- Episode no.: Season 1 Episode 6
- Directed by: Don Leaver
- Written by: Dennis Spooner
- Production code: 3370
- Original air date: 11 February 1961

Guest appearances
- Kenneth Warren; Mia Karam; Howard Goorney;

Episode chronology
| ← Previous "Crescent Moon" | Next → "Diamond Cut Diamond" |

= Girl on the Trapeze =

"Girl on the Trapeze" is the sixth episode of the first series of the 1960s cult British spy-fi television series The Avengers, starring Ian Hendry and Ingrid Hafner, and guest starring Mia Karam, Howard Goorney, and Kenneth J. Warren. It was performed and aired live on ABC on 11 February 1961, and is one of only three series 1 episodes which are known to exist (as of 2022), complete. The episode was directed by Don Leaver, and written by Dennis Spooner.

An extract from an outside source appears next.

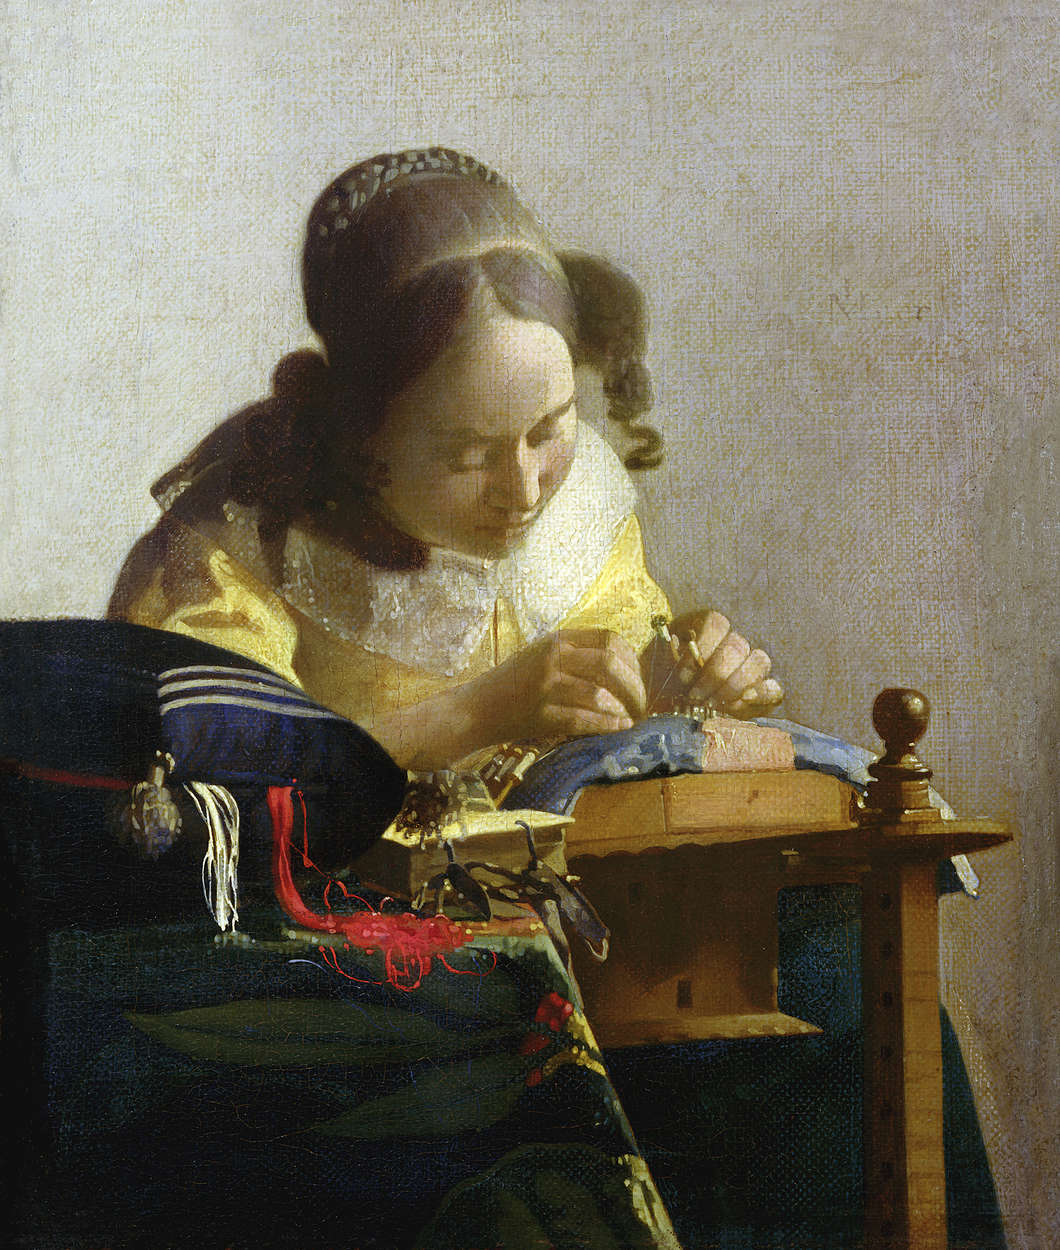             De kantwerksters" muurschildering van Jan Vermeer
        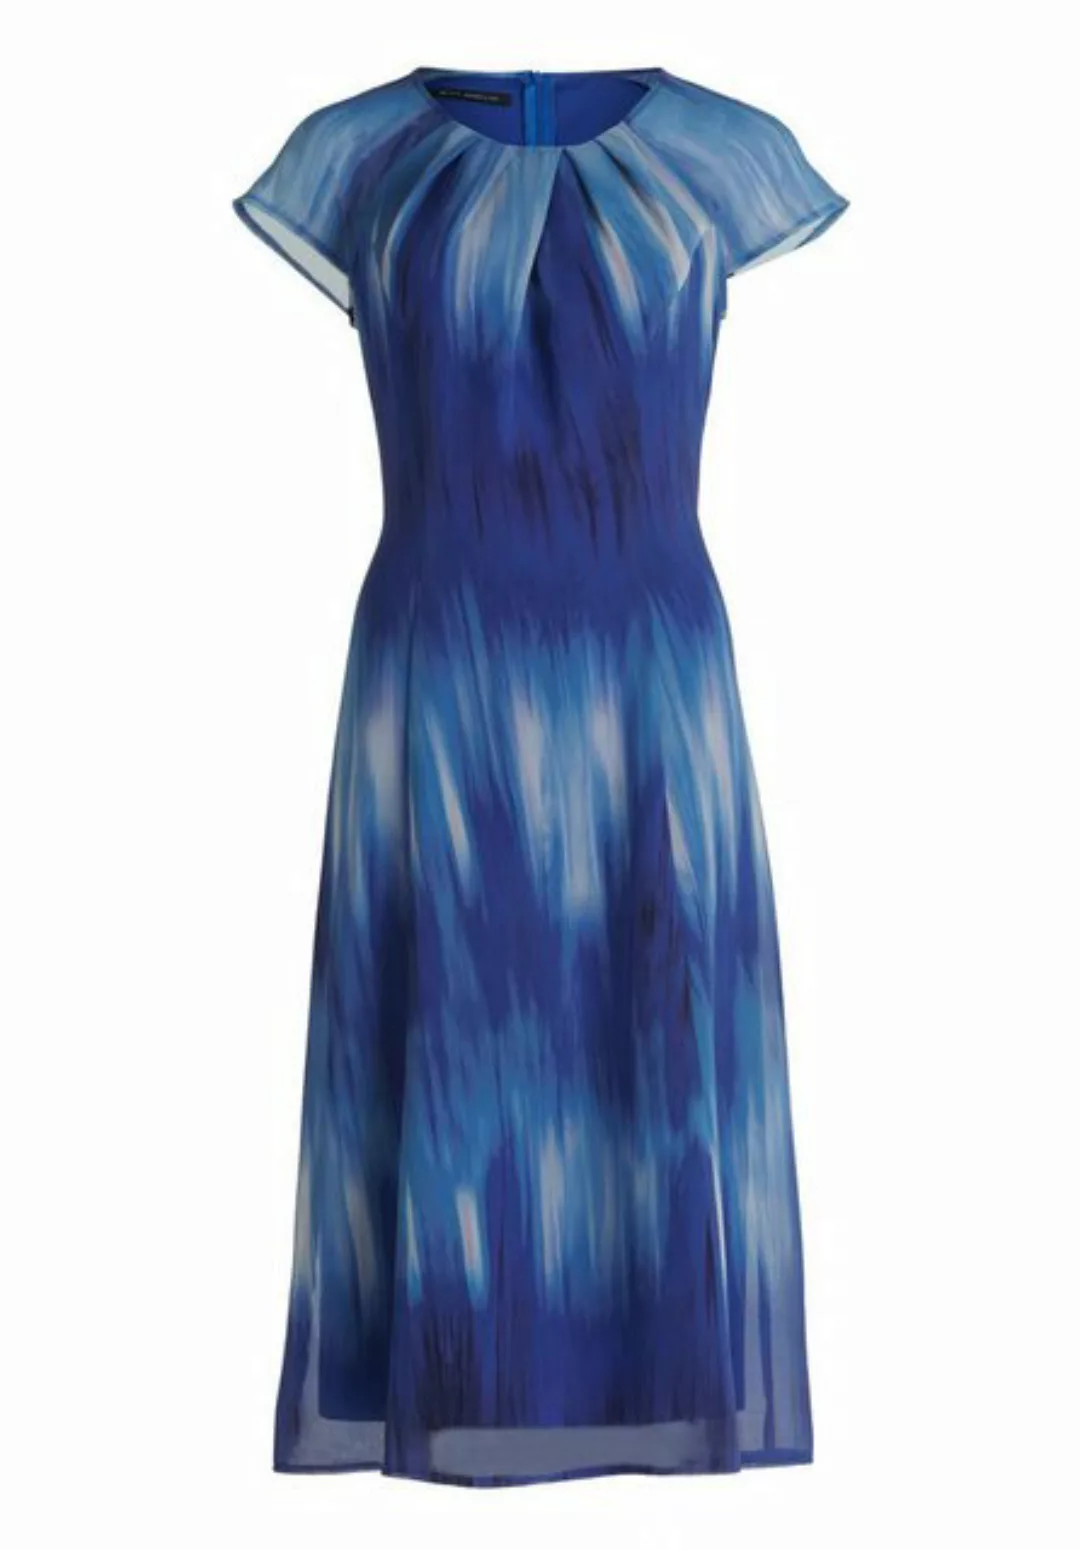 Betty Barclay Sommerkleid Kleid Lang 1/2 Arm, Blue/Blue günstig online kaufen

It is notable as being one of only two Avengers episodes in which the character of John Steed, played by Patrick Macnee (who, at this point in the series' history, was a supporting character to Hendry's David Keel, not the lead), does not appear.

==Plot==
Dr. Keel rescues a young woman who tries to commit suicide by jumping into the River Thames. The woman is a trapeze artist with a visiting Central European circus. Foreign agents are trying to use her to force her father, a scientist who defected to Britain, to return to his country home.

==Cast==
- Ian Hendry as Dr. David Keel
- Ingrid Hafner as Carol Wilson
- Mia Karam as Anna Danilov
- Howard Goorney as Supt. Lewis
- Kenneth J. Warren as Zibbo
- Edwin Richfield as Stefan
- Delena Kidd as Vera Korsova
- Ivor Salter as Police Sergeant
- David Grey as Dr. Sterret
- Dorothy Blythe as Box Office Clerk
- Ian Gardiner as Policeman
- Andy Alston as Turek

==Production==
The episode was broadcast live on ABC on 11 February 1961.